Speaking at a refresher course at the RSNA meeting, Dr. William Hendee noted that the NIBIB will eventually sweep up all imaging research sponsored by the NIH, including projects involving molecular imaging. Hendee is a former chair of radiology at the University of Colorado and on the NIBIB committee that is advising the NIH on short-term research strategies for biomedical imaging. Dr. Donna Dean, acting dean of the NIBIB, endorsed the need for advancing the science of molecular imaging.

They are thinking about a number of target areas of research, she noted, including molecular imaging technology, localized or image-guided sensors, and molecular probes.

It is debatable, however, whether the collection of all this research in one agency or within one specialty is a plus for the field of molecular imaging. Radiologists have given this area a lukewarm reception.

Only eight papers were presented at the RSNA meeting on topics involving genes and genetics. Just a single poster was prepared on molecular imaging involving proteomics. Among the most significant was a study done at Johns Hopkins University in which catheter-based vascular gene delivery and distribution were monitored by MRI in an animal model.

The hesitancy may be a practical matter. Unable to keep up with the present rate of growth in imaging procedures, radiologists fear they could be swamped by the early clinical arrival of molecular imaging. Radiologists make up about 3% of all physicians in the U.S., and their ranks are anything but swelling. Procedure volume, however, is growing at a steady clip, 5% to 6% per year.

Radiology's limited capacity may be only a contributing, rather than deciding, factor in the adoption of molecular imaging. Vendors are pushing forward with the technology and the infrastructure for its development. At a press briefing during the RSNA meeting, executives of GE Medical Systems described a major new business platform based on functional imaging, which includes molecular imaging. Dow Wilson, manager of GE's functional imaging group, singled out oncology applications and Alzheimer's disease as the most likely early targets for application of molecular imaging. The company's sales of PET equipment has doubled over the last 12 months, Wilson said, suggesting the depth of interest in procedures that track disease function and not just the anatomical distortion most commonly seen in conventional images.

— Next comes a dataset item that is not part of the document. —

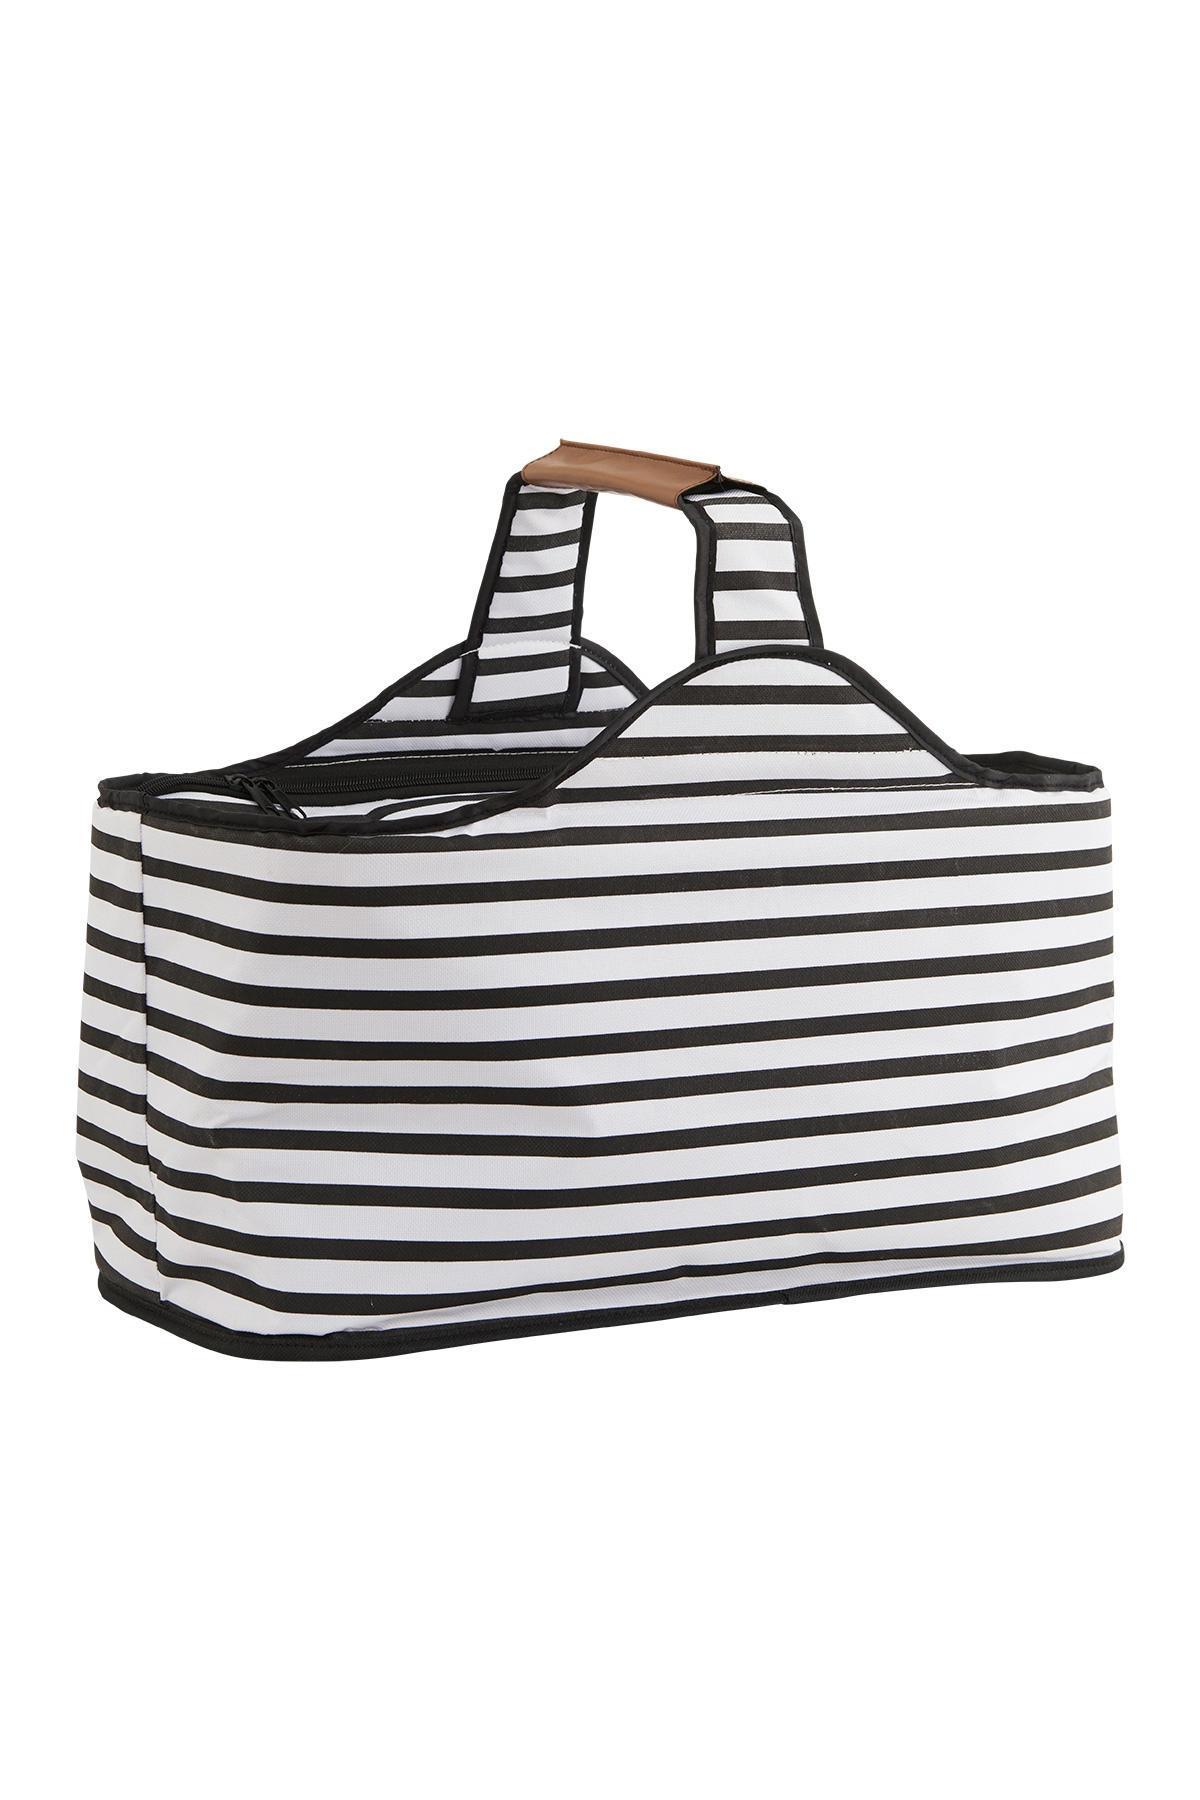 House Doctor Chladící taška Stripes, černá barva, bílá barva, textil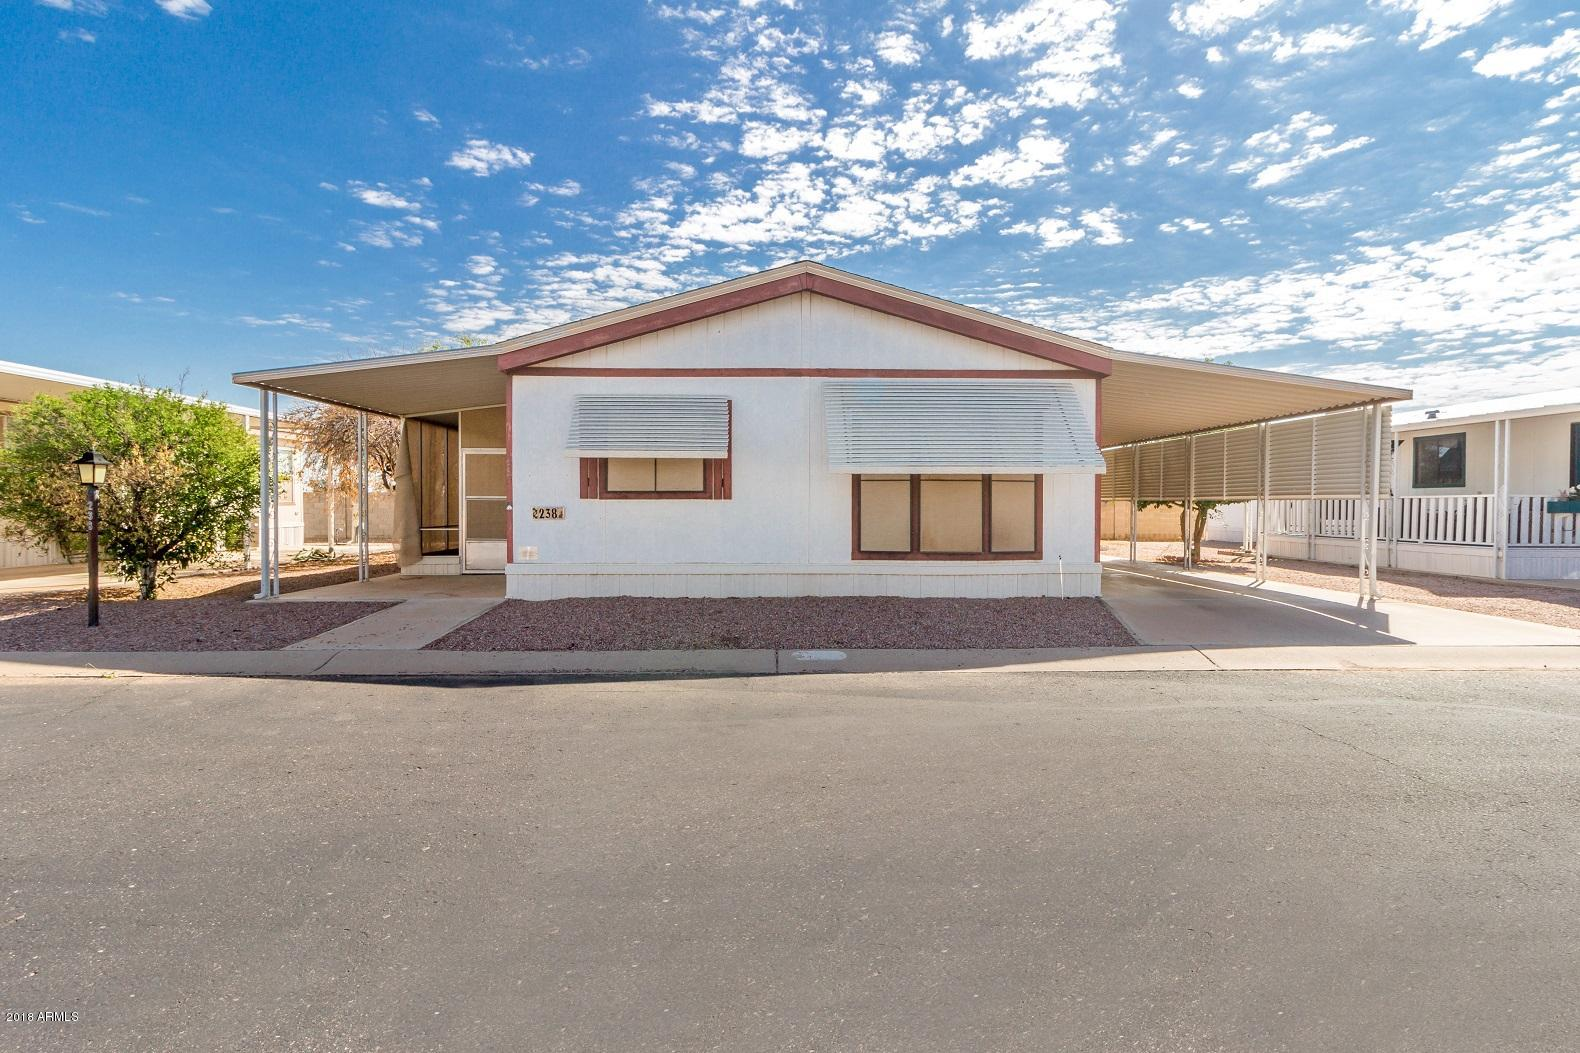 MLS 5824329 450 W Sunwest Drive Unit 238, Casa Grande, AZ Casa Grande AZ Adult Community

"This opens up a world of personal and preventive medicine that hasn't previously been available," Wilson said.

Siemens Medical Solutions and Philips Medical Systems also have their sights set on molecular imaging. Dr. David Rollo, the chief medical officer at Philips, called PET "the ultimate" for this new breed of diagnostic medicine. For heart attack patients in whom function of cardiac tissue is in doubt, a contest is being waged between PET, which can image specific molecules that are dying, and MRI, which traditionally uses a washout technique to assess tissue viability.

"If you need to know whether a bypass needs to be done, PET gets you the answer a lot quicker," Rollo said.

Philips and other vendors are working closely with the NIH to organize and finance research with clinical sites, he added. Among research objectives in functional imaging are the development of systems with greater sensitivity to cancer and the fusion of CT and PET for more precise radiation treatment regimens. Siemens scientists believe that because MRI is relatively insensitive to disease detection at the molecular level, technical measures such as higher magnetic field strengths and stronger gradient fields are likely to be employed.

To boost the utility of imaging modalities, some equipment vendors are already working more collaboratively with pharmaceutical companies in developing new breeds of compounds designed to mark the earliest processes of disease. GE has announced agreements with both GlaxoSmithKline and Amersham Health.

Dr. James Thrall, head of radiology at Massachusetts General Hospital, sees threat and opportunity for those in his profession. Radiologists, he said, should be eager to collaborate with corporate partners in advancing molecular imaging under the control of radiology.

"We need to mobilize in this field like we did 20 years ago in MRI," Thrall said. "If we don't, we'll lose it (molecular imaging), to our great detriment."